Интересно, чем занимается этот тучный мужчина в обычное время? Пийчи Гейбат днем подрабатывал тем, что резал, где попросят, скот, а постоянная должность у него была ночная — работал сторожем при сберегательной кассе… А что там сторожить, кто в небольшом районе пойдет грабить сберкассу, если тут все друг друга в лицо знают? Гейбат запирал ее изнутри — и дрых всю ночь напролет… Сколько есть таких местечек и должностей, где людям абсолютно нечего делать, а они якобы что-то делают, стаж идет, и пенсия непременно будет… Нет, все-таки для каждого дела, для каждой профессии должны быть свои люди. Глаз привык, и в сознании устоялось, что повар должен быть толстым, а танцовщица — худой, и если случается какое-то отклонение, это и удивляет, и большей частью является ненормальным. Разве в «Скорой помощи» работать такому детине? Тут нужны худые, проворные, легкие на подъем люди. Подобает ли серьезному человеку работать медбратом, таскаться по ночным вызовам рядом с врачом, которая ему в дочери годится? Наверное, есть у него какая-то основная должностишка, так, не бей лежачего, а в «Скорой» он либо подрабатывает, либо недостающий стаж нагоняет…
Медбрат размотал повязку и сдернул прилипший к брови бинт. Бахман невольно вскрикнул.
— Слушай, дорогой, — рассердилась Гюляндам-хала на медбрата, — осторожно разве нельзя? Ведь рана болит. Если бы рана была у тебя…
— Ай баджи, хоть рана и не у меня, что такое боль, я хорошо знаю! Я перевязал столько ран, сколько волос на моей голове. А ты будешь меня учить моему делу?
— Учиться никогда не поздно.
— А я этого и не слыхивал, — насмешливо отозвался медбрат. — Дай бог тебе здоровья, сестрица!
— Спасибо, я и так здорова, не жалуюсь ни на что и, слава аллаху, в вашей помощи не нуждаюсь.
Дверь веранды отворилась, и осторожно вошел Гани-киши, виновато прислонился к косяку. Он беспокоился за парня, и одновременно его тревожило, какие последствия могут быть, и потому он хотел знать, насколько серьезна рана.
— Вам повезло, молодой человек, — сказала врач, осмотрев рану. — Я думала, разрыв будет большой и придется зашивать, чтобы шрама не было. Хорошо, что вовремя наложили повязку. — Она повернулась к медбрату: — Забинтуйте!
Медбрат, уходя, то ли забыл, то ли умышленно никому не сказал «до свидания», и Гюляндам, невзлюбившая его с первой минуты, сделала руками такой жест, будто выталкивала:
— Вот тебе, э-э, противный!
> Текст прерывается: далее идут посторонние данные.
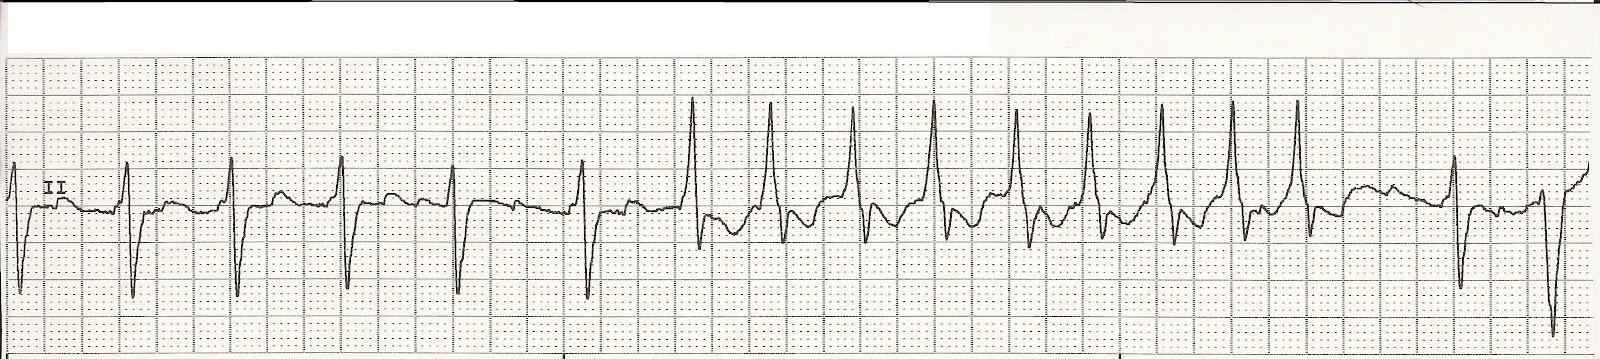 atrial fibrillation with paroxysmal sinus tachycardia b atrial    Paroxysmal Atrial Tachycardia Vs Sinus Tachycardia
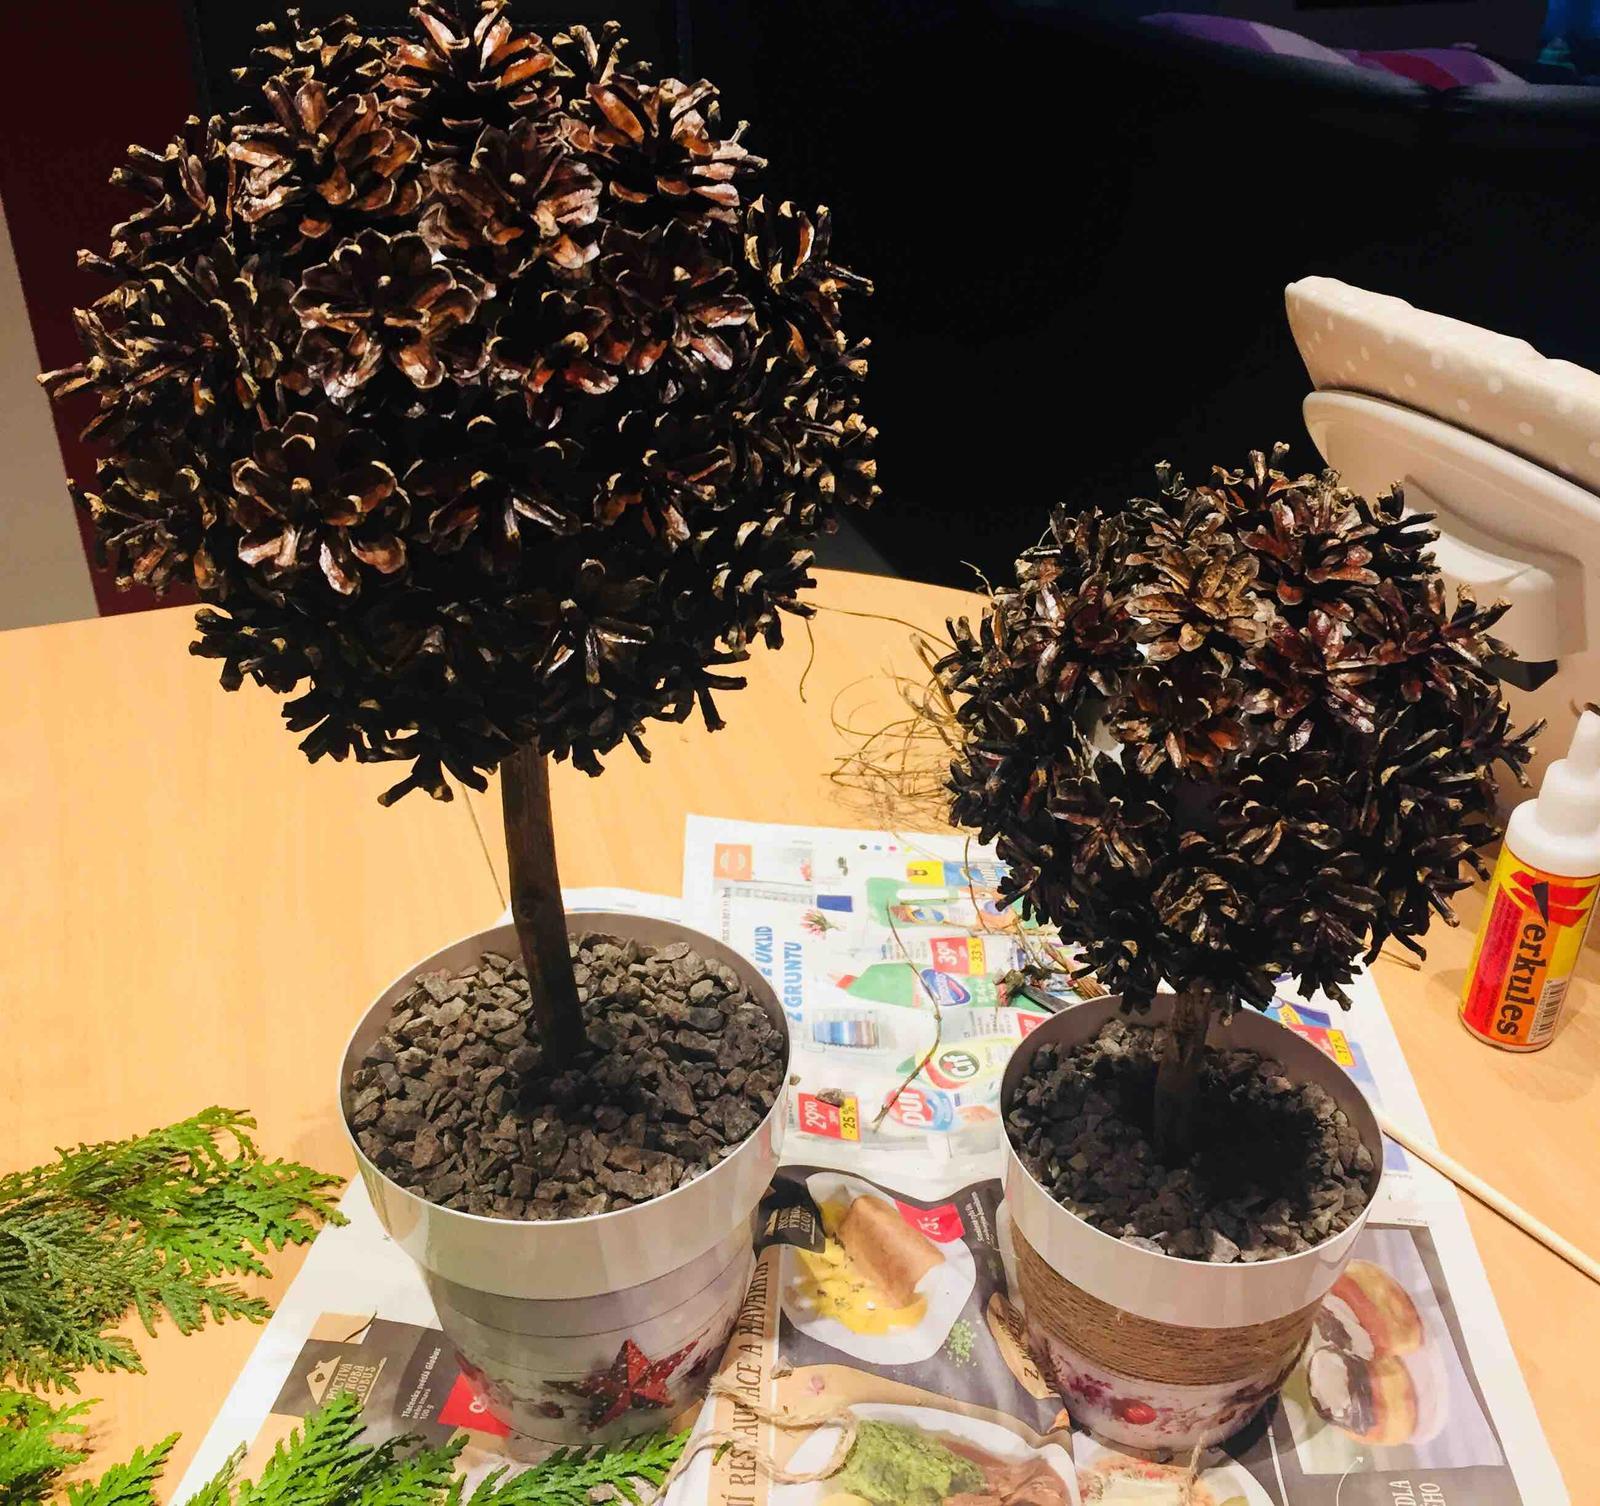 Miluji tvořit - Tak jsem stihla rovnou dva 🤗 jeste jim upravim kvetinace, striknu snehem a bude hotovo

Бог каждому дает по заслугам, хорошо, что ты только медбрат, никаких солидных постов не занимаешь, не доктор, не профессор, а то несчастные больные плакали бы от тебя!
Неизвестно, надо ли было или назло всем, но медбрат так туго забинтовал голову, что казалось — ее стягивают железным обручем. Обхватив голову руками, Бахман сидел на краешке раскладушки и ждал, когда же соседи уйдут, чтобы прилечь. Наконец и Гури догадалась, что делать тут им нечего.
— Если во мне нужды нет, мы пойдем, Гюляндам, а вы отдыхайте.
— Нету, дочка, нету больше нужды, идите, а то мы вас тоже измучили.
Уходя, Афет снова усмехнулась. Неужели он так смешон в этой повязке? Наверное, да. Но все же надо признать: когда Афет улыбалась, она была такой красивой…
«Скорая помощь» уехала, кто-то уже запер за врачом дверь…
Бормоча молитвы, Гюляндам улеглась и затихла.
Лег и Бахман. Повязка давила еще сильнее, и он просунул под нее пальцы, чтобы немного ослабить. Помогло ненадолго, и стало давить еще больше, голова как свинцом налилась. Здорово медбрат закрутил! Словно на целый век.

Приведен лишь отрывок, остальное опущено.